Norma Olenka Marcos Villareal: Habiendo sido comisionado por Jesucristo, yo te bautizo en el nombre del Padre, y del Hijo, y del Espiritu Santo. Amen.
After the baptism, we had to hurry to get to Trujillo because that evening, there was a Christmas show in the Plaza de Armas put on by all of the missionaries in the mission. E Leavitt and I missed the practice due to the baptism but we got there in time to participate (you can see pictures at All 200+ missionaries sang Christmas music and some people had prepared special numbers on pan flutes, breakdances, and all kind of things.  Every one passing by stopped to see what was happening and there were missionaries in the crowd taking the info of people who were interested in lessons.

The whole family
As far as my plans for Christmas eve and Christmas: I still don't know. I know that for at least most of the day, we will preach like normal. We have a few appointments and a ton of members that want to give us fruitcake (its really good here). On Christmas, in the evening, I get to skype my family for an hour which will be the best and on Christmas eve, I get to meet E Leavitts family which will be cool too. Other than that, we still aren't 100% on the rules but well find out soon. Either way, this will be a really fun Christmas.
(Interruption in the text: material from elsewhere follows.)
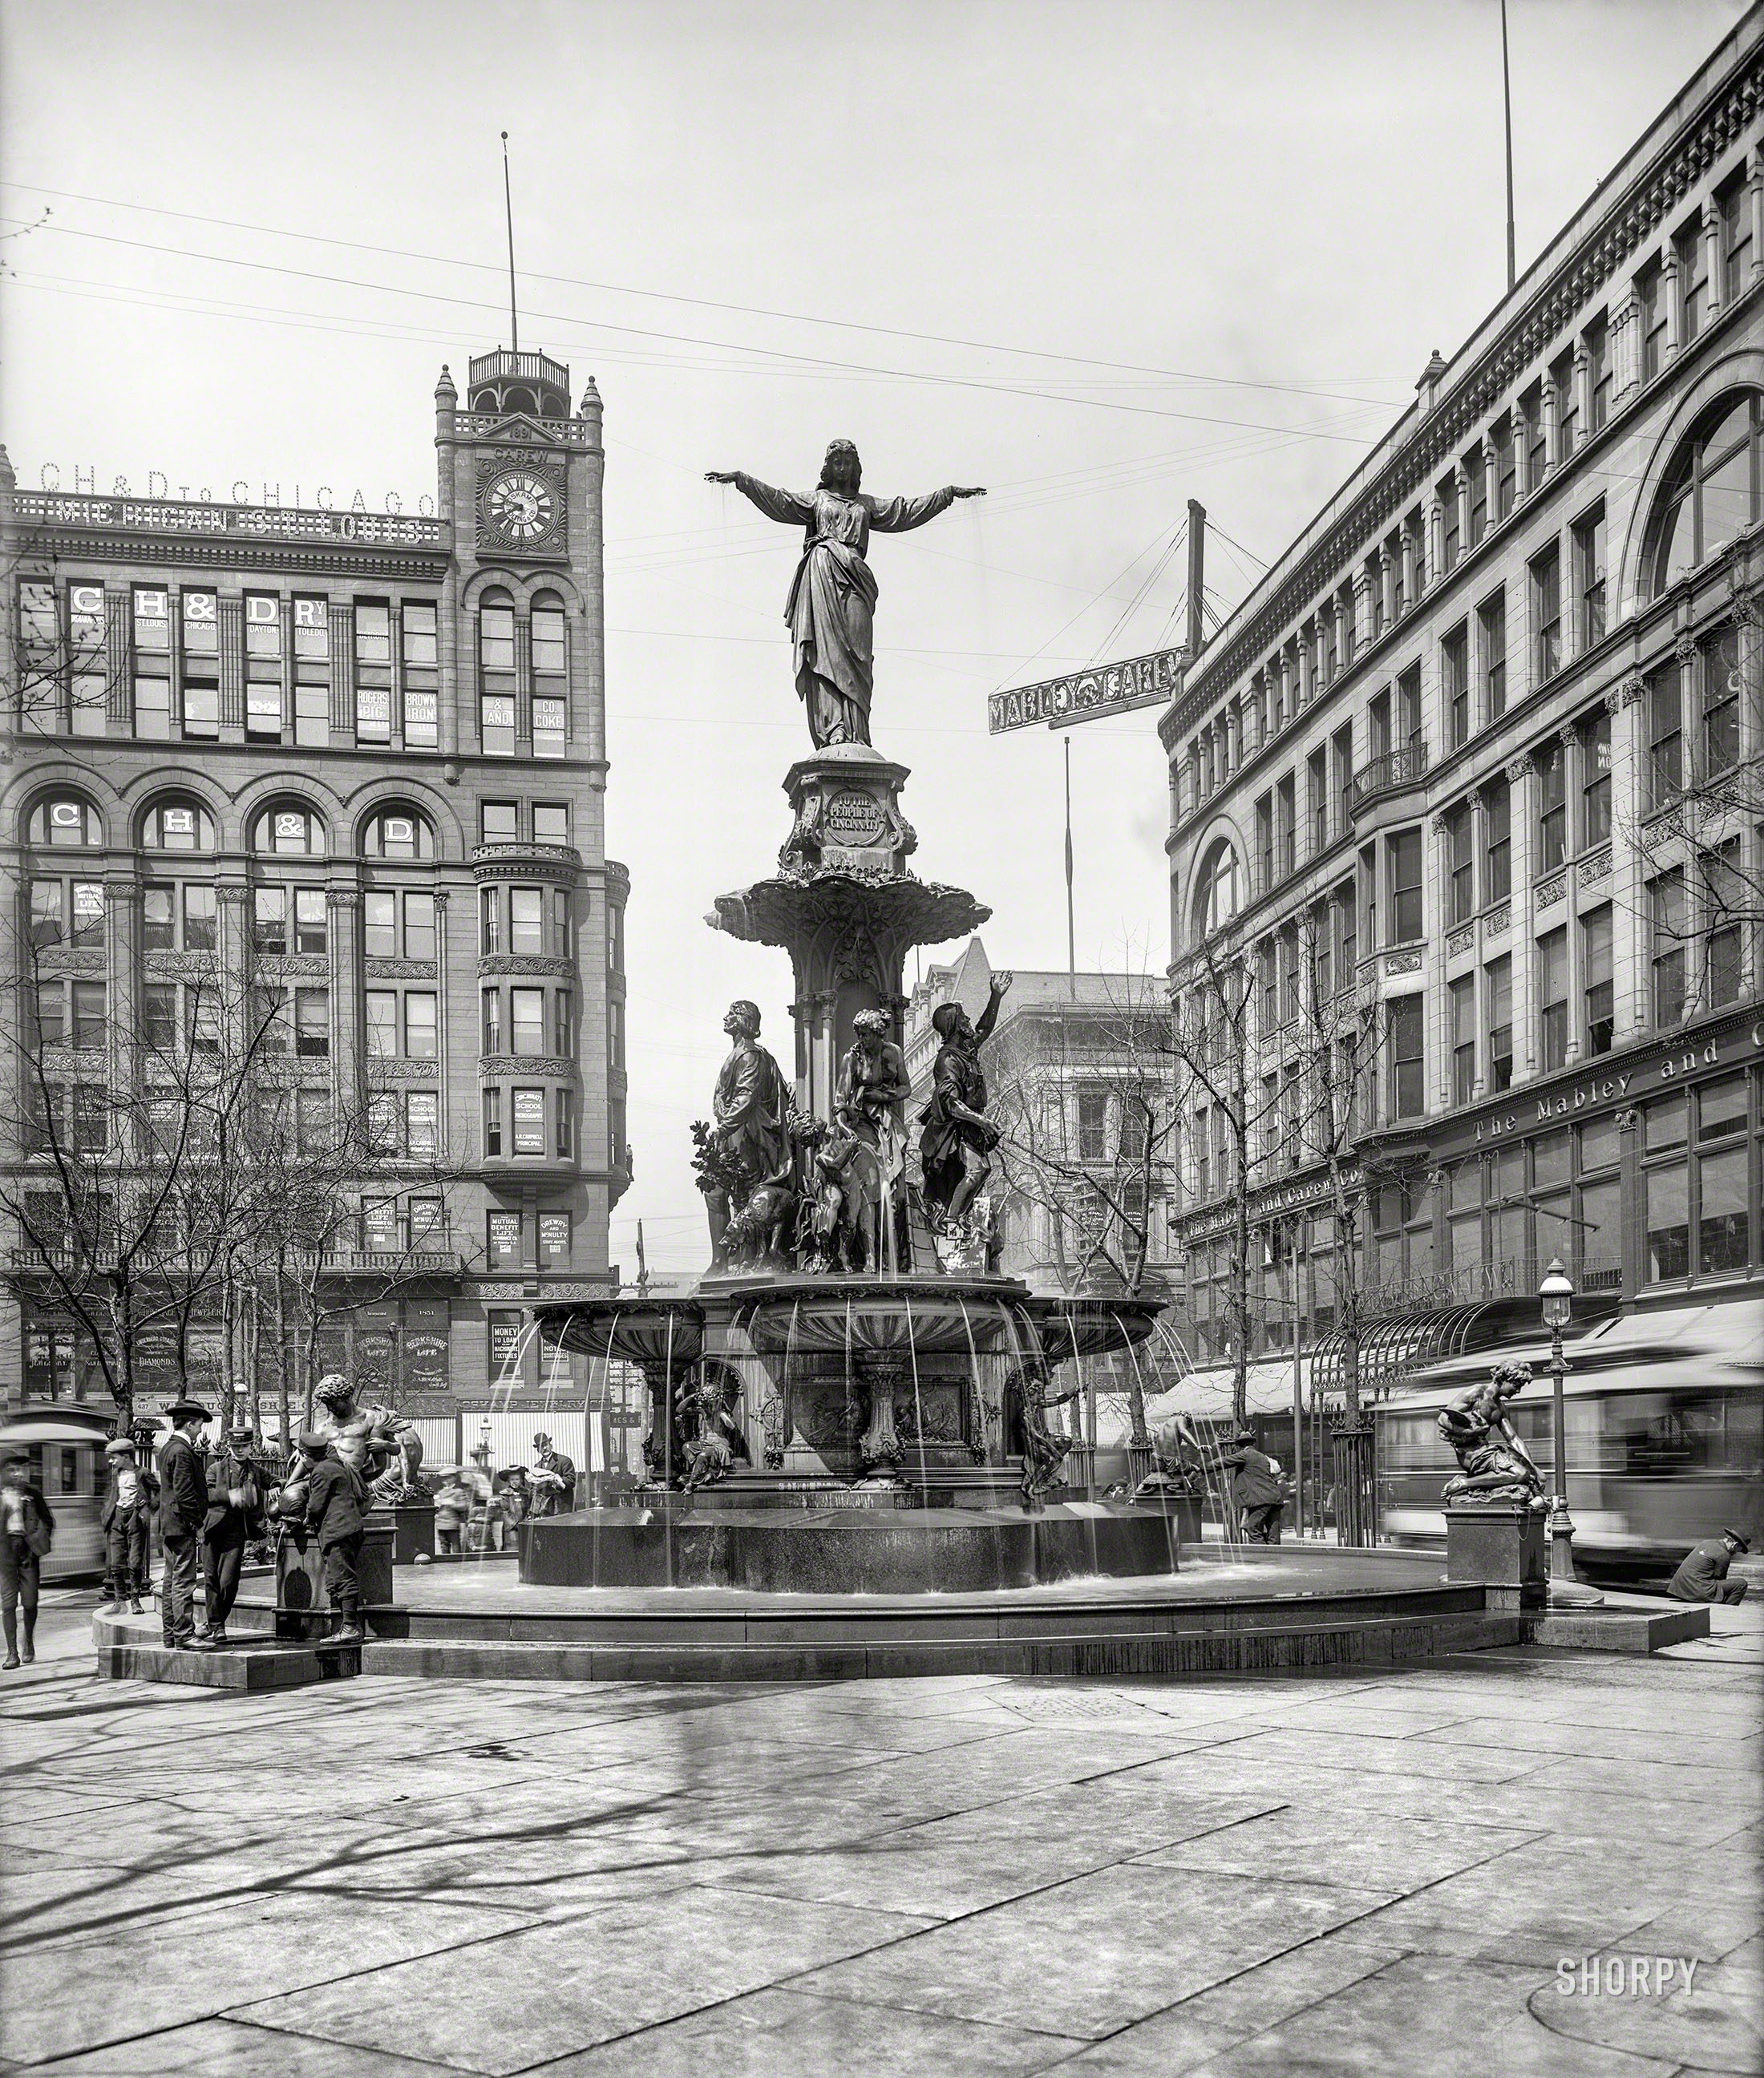 1904. "Tyler Davidson Fountain ('The Genius of Water'), Cincinnati, O." 8x10 inch dry plate glass negative, Detroit Photographic Company. View full size.

A sheep herder and her flock were just walking down the street. I took the pic from behind so that they wouldn't all freak out.
Paz y buena voluntad,
Elder Gonzalez

Week Twelve: Letters, English Homework, and the Virgen de la Puerta

Listen up kith and kin,

Here's how letter sending is going to have to work. I LOVE getting letters and I get them between 2 weeks and 2 months. I get them delivered to me through the leadership hierarchy. I live no where near a post office and I'll have the chance to send a response very infrequently. Feel free to send me letters, but at the end of the letter, put your email, so I can respond.

As missionaries, we always offer service. "Hay algo que nosotros podemos hacer para ustedes?" is one of our most common phrases.  Since both my companion and I are from the states, a lot of times, we get asked to help kids with their English homework. Their textbooks aren't real books. It's like a person typed up the assignments on a word document and printed them out and stapled them together. Also, the writer of the book likely has never actually spoken English with a native speaker. An example of a question: "Look at the pictures and sing according to the write according to the following:" We get so frustrated because we are fluent and we dont even know how to help.
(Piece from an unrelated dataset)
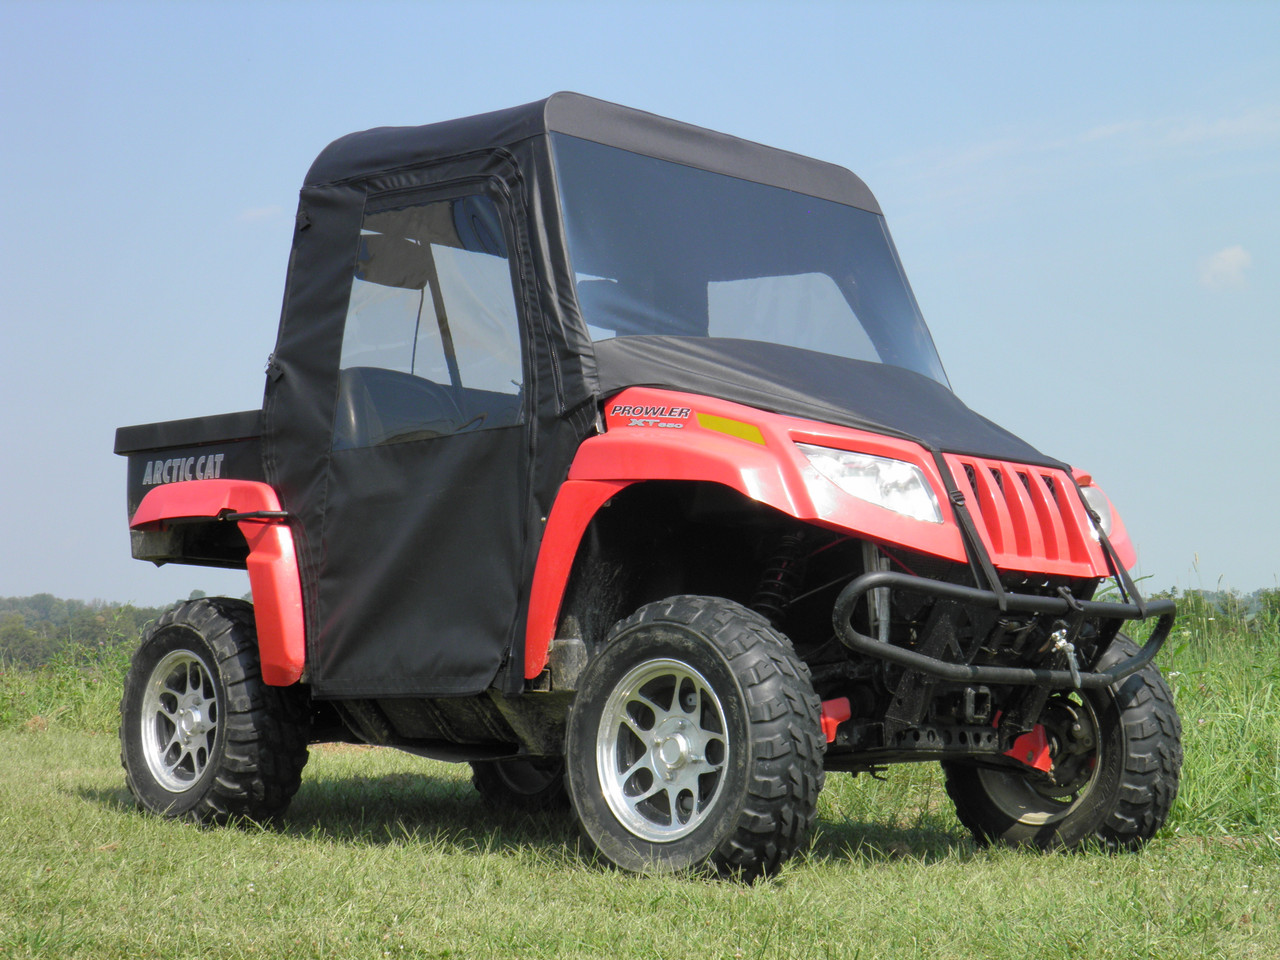 Full cab enclosure with vinyl windshield front and side views

Also, a lot of people here worship the saints. The biggest one is called Virgen de la Puerta.  Her ceremony was yesterday.  There was a giant parade going through Cartavio with people in feathered head-dresses, chanting and carrying a big statue.  E Leavitt and I kept trying to find all the people we to and telling them to stop breaking the 2nd of the 10 commandments.

Cartavio is a ton of fun. Tomorrow is the first "change" where some people switch companions and areas but since I'm in my training, nothing happens.  6 weeks from now is another and E Leavitt will probably go somewhere else.

Love you all a ton. Have a great Christmas season.